Mali currently has two rates of income tax - 30%... or 3%. Quite a difference. So the BBC's Alex Duval Smith was surprised to be offered a choice when she went to register at her local tax office in Bamako.

Outside the yellow concrete building, a man is tethering a ram to the railings. It's not an uncommon sight; he has probably just bought the animal and has an errand at the tax office on his way home.

Inside, a row of cashiers are seated behind aluminium-framed thick glass. Each has large handbag plonked on the counter. Each bag is a different colour. Mali, for all its poverty and problems, is always hitting you with moments of accidental beauty.

But the cashiers' eyes are glazed over from inactivity. The International Monetary Fund believes Mali has the potential to improve its revenue-raising by 20%. It's not happening in here.

My mission - to register as a tax payer - takes me round the back of the cashiers, to Mrs Yattara's shoe box office. She shares it with three colleagues. There's a handbag on each desk. There's a computer, too. It's used to print out pro-forma tax declaration forms. But all the data is copied in to stacks of exercise books. Some in red ink, some in blue.

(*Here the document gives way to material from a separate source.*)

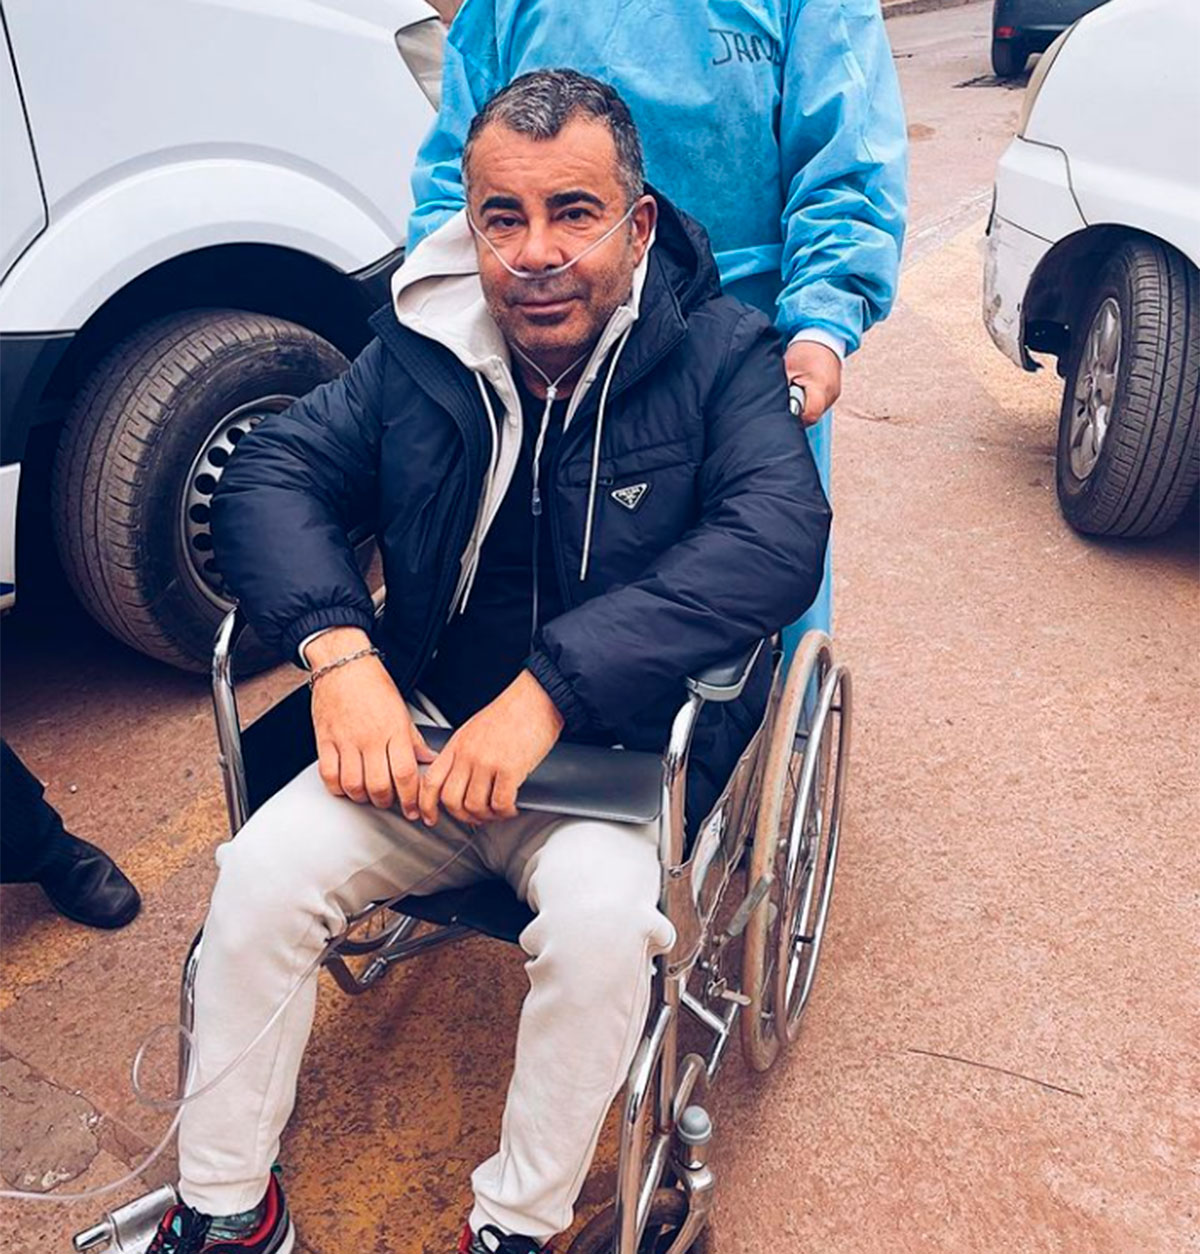 Primeras palabras Jorge Javier Vázquez tras ser hospitalizado por mal de altura: "No podía con mi vida"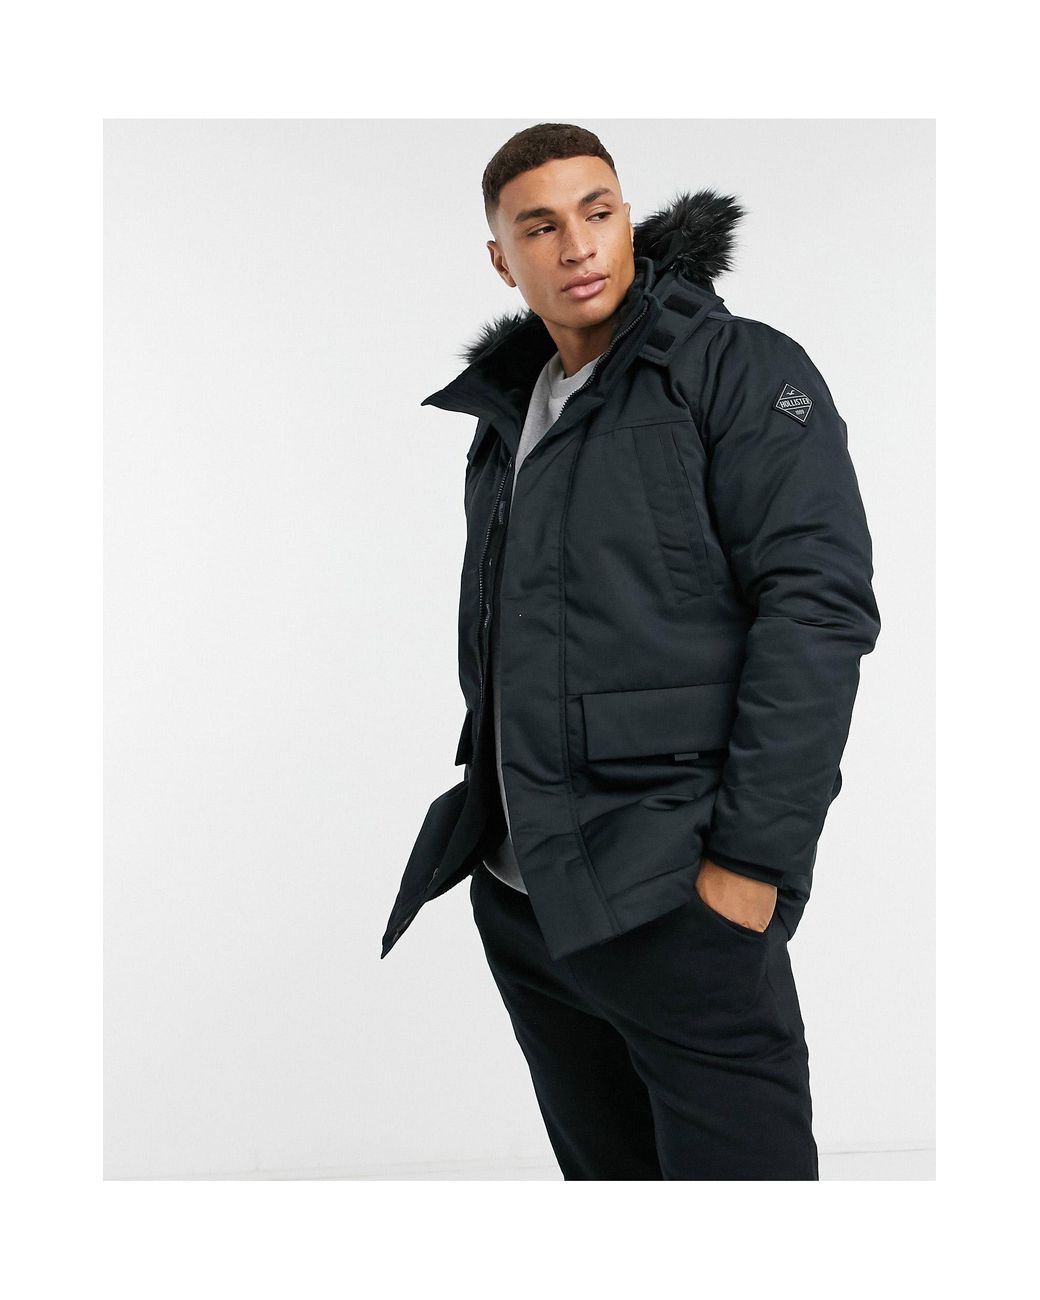 Hollister Faux Fur Lined Hooded Parka Coat in Black for Men

I first met Mrs Yattara, a smart woman with glasses, during the annual tax census. This is when the entire staff, bearing clipboards, leaves the office to search the neighbourhood for more tax payers.

There's always one casualty - an unlucky shopkeeper who gets closed down as an example to the others. This year a soft-drink seller was presented with a tax bill of 80,000 CFA francs - that's about $160 dollars or £100 - and when he couldn't pay, they padlocked his shop. After a week he offered to pay half the amount and added a few crates of orange squash for the tax staff. Problem solved.

Mrs Yattara leads me to her boss, Mr Kante. He has an office all to himself, and offers me a seat... a seat from which I can hardly see him. Tax rule books and copies of Finance Ministry decrees are piled into turrets all around his desk. He asks me questions about my expenses as a freelance journalist. It's unnerving because he is writing things down but I can't see what.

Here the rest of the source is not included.